AFRL has been tasked with validating the Utah State University GAIM (Global Assimilation of Ionospheric Measurements) model of the ionosphere, which is run in real time by the Air Force Weather Agency.
The USU-GAIM model currently assimilates, in addition to the voluminous GPS TEC data, in situ densities from DMSP satellites, UV radiances from SSUSI sensors on the DMSP satellites, and vertical profiles provided by a limited number of Digisondes. AFRL has performed a large number of USU-GAIM validations, using as ground truth values of foF2 and M(3000)F2 from non-assimilated ionograms, the in situ electron density at ~400 km provided by CHAMP, and the vertical TEC provided over ocean areas by TOPEX and JASON.
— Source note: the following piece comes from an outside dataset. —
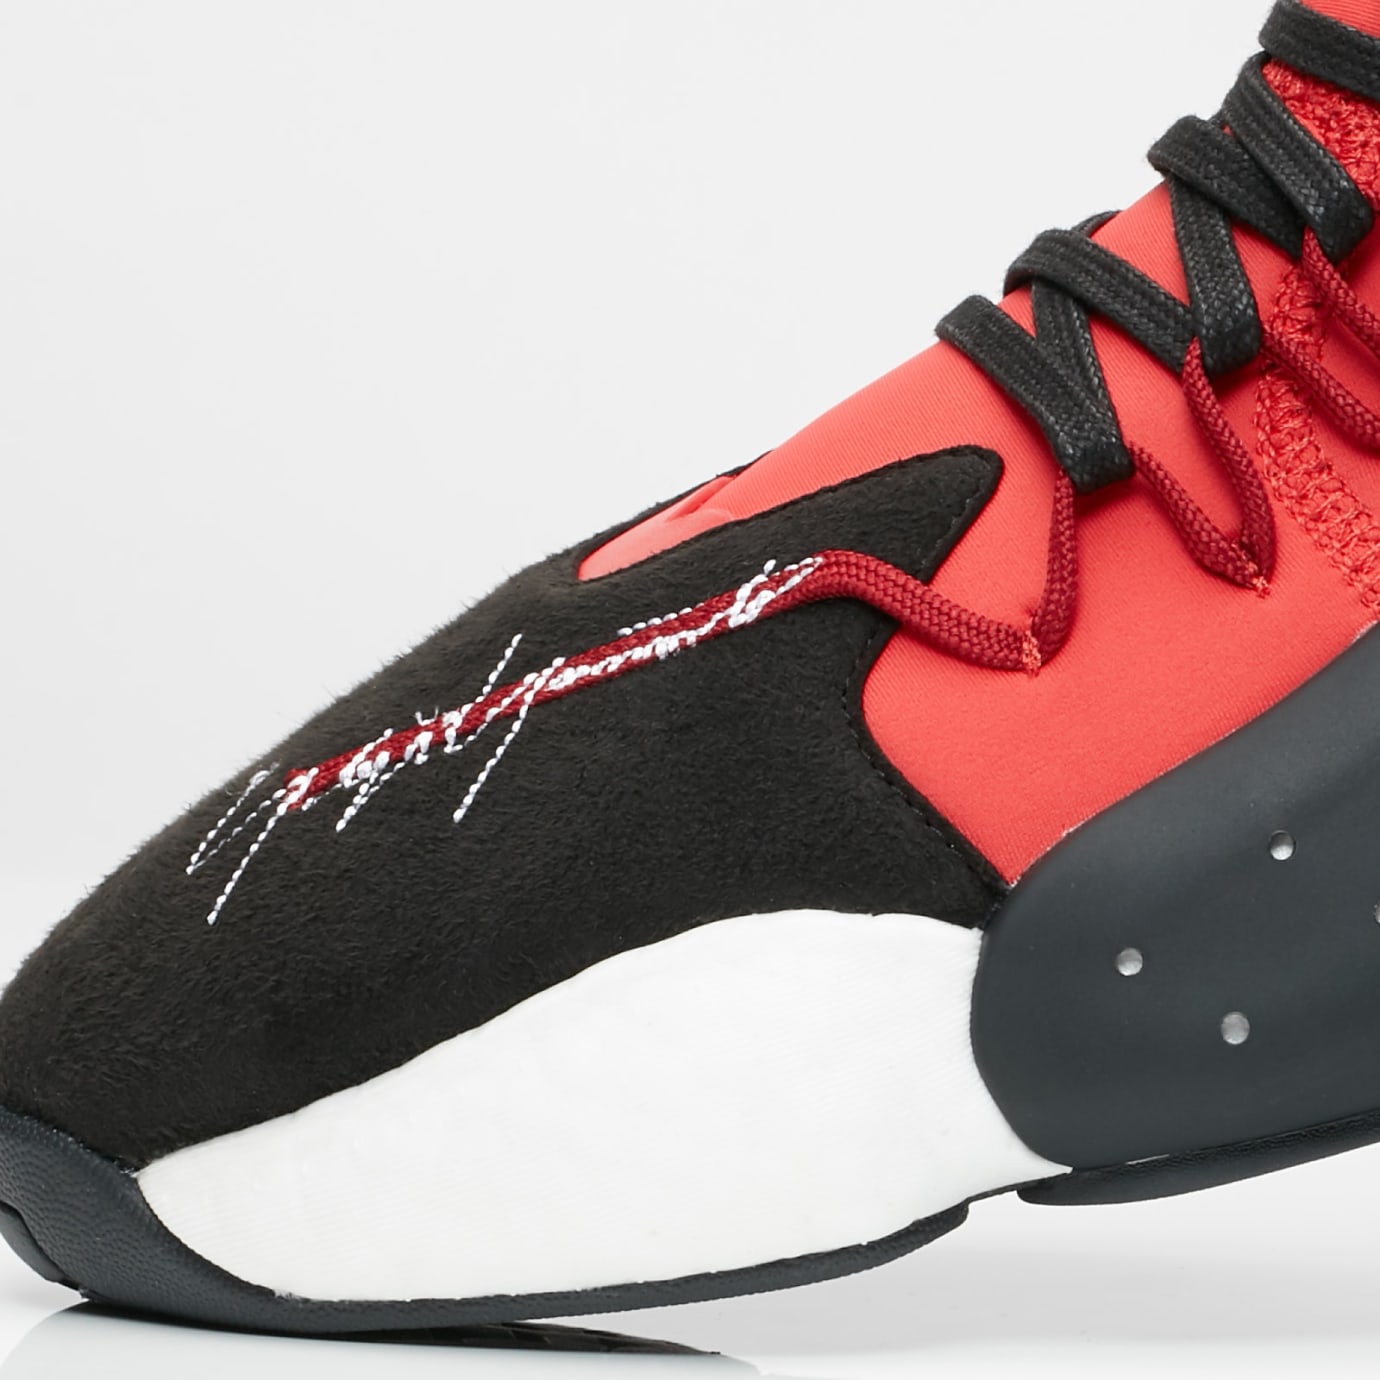 Adidas Y-3 BYW Bball BC0338 Core Black/Lush Red/Core White Release

USU GAIM runs at AFRL in about one-third real time. For validations against ionogram characteristics, AFRL usually works with a full month of GAIM and Digisonde data, which takes ~10 days to run. The long run times make it difficult to address essential “what if” scenarios, except for limited time intervals. Compounded with the problem of long run times is the fact that the UV observations are from a satellite that is only very rarely in near conjunction with the ground-truth satellites such as CHAMP and JASON, or near ground-based ionosondes. Exacerbating this problem even further is the fact that the most reliable assimilated UV data is from the evening equatorial ionosphere. It is often not possible to obtain useful ionogram characteristics for the evening equatorial ionosphere because of the occurrence of irregularities that lead to spread F echoes on the ionograms.
We will discuss the impact of these various challenges on the lessons that can be learned from validation studies of global ionospheric models.